TASK PROMPT: Repeat the records given below in full, with no changes.

PROVIDED MATERIAL:
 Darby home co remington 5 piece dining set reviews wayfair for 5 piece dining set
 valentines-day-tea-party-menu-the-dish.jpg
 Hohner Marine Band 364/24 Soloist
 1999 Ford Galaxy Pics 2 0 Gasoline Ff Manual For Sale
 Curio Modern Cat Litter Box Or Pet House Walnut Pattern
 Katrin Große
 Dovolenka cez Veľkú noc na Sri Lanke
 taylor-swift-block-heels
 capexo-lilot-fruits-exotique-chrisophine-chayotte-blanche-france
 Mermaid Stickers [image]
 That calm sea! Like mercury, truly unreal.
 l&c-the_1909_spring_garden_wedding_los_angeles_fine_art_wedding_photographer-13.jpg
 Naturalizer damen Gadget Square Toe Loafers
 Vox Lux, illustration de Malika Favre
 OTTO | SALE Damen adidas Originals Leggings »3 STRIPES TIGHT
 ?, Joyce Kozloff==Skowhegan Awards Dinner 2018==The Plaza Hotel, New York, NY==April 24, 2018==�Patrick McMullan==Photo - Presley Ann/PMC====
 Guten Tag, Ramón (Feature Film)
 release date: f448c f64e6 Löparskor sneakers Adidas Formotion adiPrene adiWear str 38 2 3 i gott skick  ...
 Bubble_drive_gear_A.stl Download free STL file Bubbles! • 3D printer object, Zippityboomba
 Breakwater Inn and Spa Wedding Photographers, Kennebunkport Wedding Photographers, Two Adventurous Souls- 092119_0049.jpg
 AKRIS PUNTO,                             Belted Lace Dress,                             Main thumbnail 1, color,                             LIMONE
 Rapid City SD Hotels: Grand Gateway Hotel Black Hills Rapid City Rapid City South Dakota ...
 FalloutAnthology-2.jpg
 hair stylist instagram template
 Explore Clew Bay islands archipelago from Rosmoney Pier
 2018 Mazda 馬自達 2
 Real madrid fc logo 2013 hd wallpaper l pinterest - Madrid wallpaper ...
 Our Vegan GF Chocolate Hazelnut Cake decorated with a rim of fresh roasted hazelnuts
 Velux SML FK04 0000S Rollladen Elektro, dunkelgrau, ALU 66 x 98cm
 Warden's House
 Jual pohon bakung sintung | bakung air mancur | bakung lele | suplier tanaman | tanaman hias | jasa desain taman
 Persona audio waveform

RESULT BELOW:
 Darby home co remington 5 piece dining set reviews wayfair for 5 piece dining set
 valentines-day-tea-party-menu-the-dish.jpg
 Hohner Marine Band 364/24 Soloist
 1999 Ford Galaxy Pics 2 0 Gasoline Ff Manual For Sale
 Curio Modern Cat Litter Box Or Pet House Walnut Pattern
 Katrin Große
 Dovolenka cez Veľkú noc na Sri Lanke
 taylor-swift-block-heels
 capexo-lilot-fruits-exotique-chrisophine-chayotte-blanche-france
 Mermaid Stickers [image]
 That calm sea! Like mercury, truly unreal.
 l&c-the_1909_spring_garden_wedding_los_angeles_fine_art_wedding_photographer-13.jpg
 Naturalizer damen Gadget Square Toe Loafers
 Vox Lux, illustration de Malika Favre
 OTTO | SALE Damen adidas Originals Leggings »3 STRIPES TIGHT
 ?, Joyce Kozloff==Skowhegan Awards Dinner 2018==The Plaza Hotel, New York, NY==April 24, 2018==�Patrick McMullan==Photo - Presley Ann/PMC====
 Guten Tag, Ramón (Feature Film)
 release date: f448c f64e6 Löparskor sneakers Adidas Formotion adiPrene adiWear str 38 2 3 i gott skick  ...
 Bubble_drive_gear_A.stl Download free STL file Bubbles! • 3D printer object, Zippityboomba
 Breakwater Inn and Spa Wedding Photographers, Kennebunkport Wedding Photographers, Two Adventurous Souls- 092119_0049.jpg
 AKRIS PUNTO,                             Belted Lace Dress,                             Main thumbnail 1, color,                             LIMONE
 Rapid City SD Hotels: Grand Gateway Hotel Black Hills Rapid City Rapid City South Dakota ...
 FalloutAnthology-2.jpg
 hair stylist instagram template
 Explore Clew Bay islands archipelago from Rosmoney Pier
 2018 Mazda 馬自達 2
 Real madrid fc logo 2013 hd wallpaper l pinterest - Madrid wallpaper ...
 Our Vegan GF Chocolate Hazelnut Cake decorated with a rim of fresh roasted hazelnuts
 Velux SML FK04 0000S Rollladen Elektro, dunkelgrau, ALU 66 x 98cm
 Warden's House
 Jual pohon bakung sintung | bakung air mancur | bakung lele | suplier tanaman | tanaman hias | jasa desain taman
 Persona audio waveform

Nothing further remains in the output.